В стихах Минского нет «правды», он «не жертвовал душой». «Почему имеют переходящее значение стихи Сергея Маковского, Рафаловича?  (Ответ патетически прост – потому что они были заурядными стихотворцами. Е.Т.). Разве они не искусны? Нет, просто они не откровенны, их авторы не жертвовали своей душой», тогда как «...великие произведения искусства выбираются историей лишь из числа произведений «исповеднического» характера» (т.5 стр. 278). Если в творении есть « правда, будь она бедна, недолговечна, невсемирна, – правды Глеба Успенского, Надсона, Гаршина и еще меньшие, мы примем их с распростертыми объятиями».

По отношению к искусству это утверждение мне представляется более чем спорным. Исповедь – по крайней мере так, как воспринимал ее Блок – отсутствует почти во всех великих произведениях мировой литературы. Ее нет ни у Данте, ни у Шекспира, ни у Рабле, ни у Флобера, не говоря о Гомере и античных классиках. Присутствие «исповеди» даже может привести к тому, что произведение перестает быть высокой литературой (пример Толстого наиболее убедителен). Если понимать витиеватое выражение «жертвовали душой», как простую искренность, то и она отнюдь не гарантирует рождение литературного шедевра.

К тому же, в истории литературы не всякая исповедь – «исповедь души». Руссо или Мюссе прекрасно знали, что их «исповедания» зачастую были весьма далеки от действительности, еще дальше от правды. Но для Блока эта пресловутая исповедь означала прежде всего исповедь с необходимой идеологической окраской – имена Успенского, Надсона, Гаршина не случайны. И не случайно, что далее Блок приводит имя Леонида Андреева и его драму Жизнь Человека, «далеко стоящую от искусства», но идеологически близкую поэту.

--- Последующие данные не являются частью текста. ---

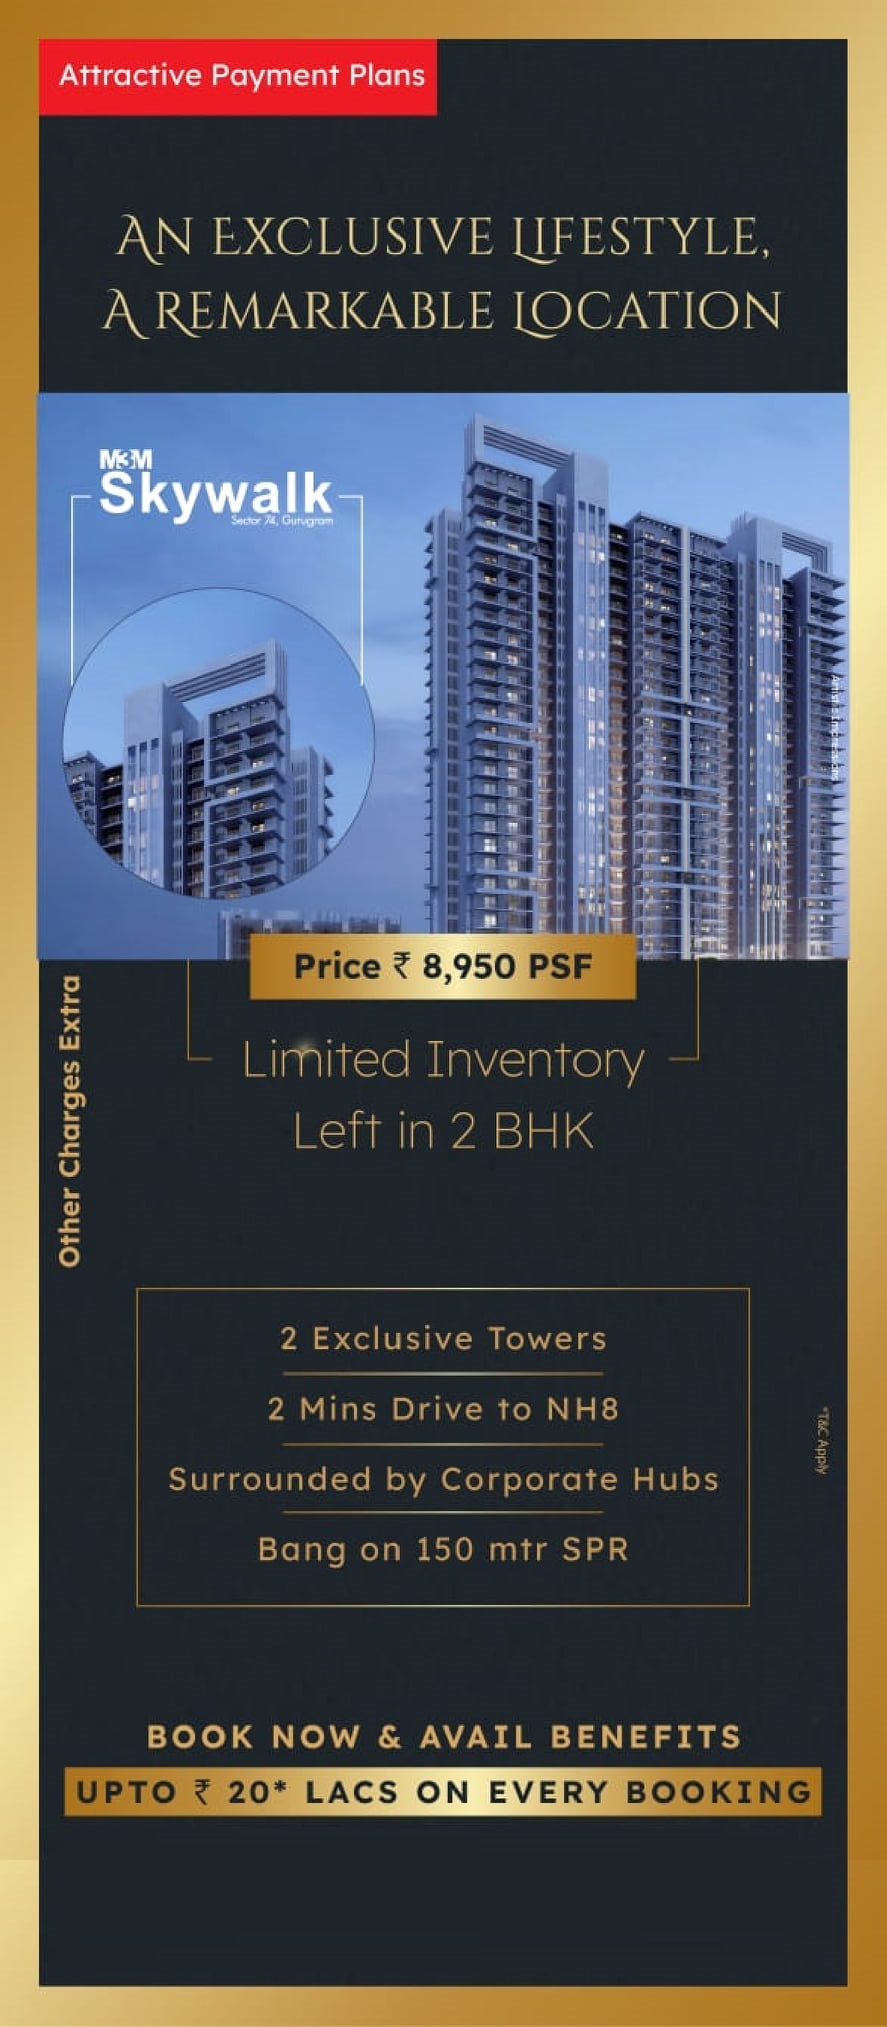 Book now & avail benefits up to Rs 20 Lacs on every booking at M3M Skywalk in Sector 74, Gurgaon Update

Этот идеологический аспект еще более очевиден в другой статье, «Литературный разговор». Она была написана «на случай» в 1910. В ней упоминаются pêle-mêleИван Бунин, Константин Фофанов, Пимен Карпов (sic) и Константин Бальмонт. Сей последний только что выпустил сборник статей Морское свечение. Блок сравнивает текстуру книги с богатым пестрым ковром, а душу этого поэтического ткача именует «молодой и певучей». Кажется, бесспорная похвала? Автор создал произведение искусства? Нет: многоцветному ковру не хватает фона. Такое утверждение обескуражило бы не только поэта, но и ткача. Если ковер искусно расшит нежнейшими шелками, то правомерно говорить об удаче? Блок, вероятно, почувствовал смутность своего сравнения и под занавес, с поразительной прямотой, редкой для него, выпаливает свое credo:

 

 

«Безумная русская литература – когда же наконец станет тем, чем только и может быть литература – служением? Пока нет у литератора элементарных представлений о действительном значении ценностей – мира и человека – до тех пор, кажется, никакие свободы нам не ко двору, все раздирается на клочья, ползет по всем швам; до тех пор как-то болезненно принимает душа всякую пестрядь, хотя бы пышную, требуется только тихое, молчаливое, пусть сначала одинокое – «во Имя».

 

 

Естественно полагать, что у истока всякого творения стоит не замысел, идея (идеология), но дарование, талант, гений, и только они. Элементарные представления о действительном значении ценностей могут присутствовать у игрока в покер или у hacker’а, информатического пирата ; вряд ли они подвигнут их к художественному творчеству. Не все литературные шедевры родились в мире гражданской и политической свободы, но советский режим преподал красноречивый урок истребления искусства в условиях полной несвободы.  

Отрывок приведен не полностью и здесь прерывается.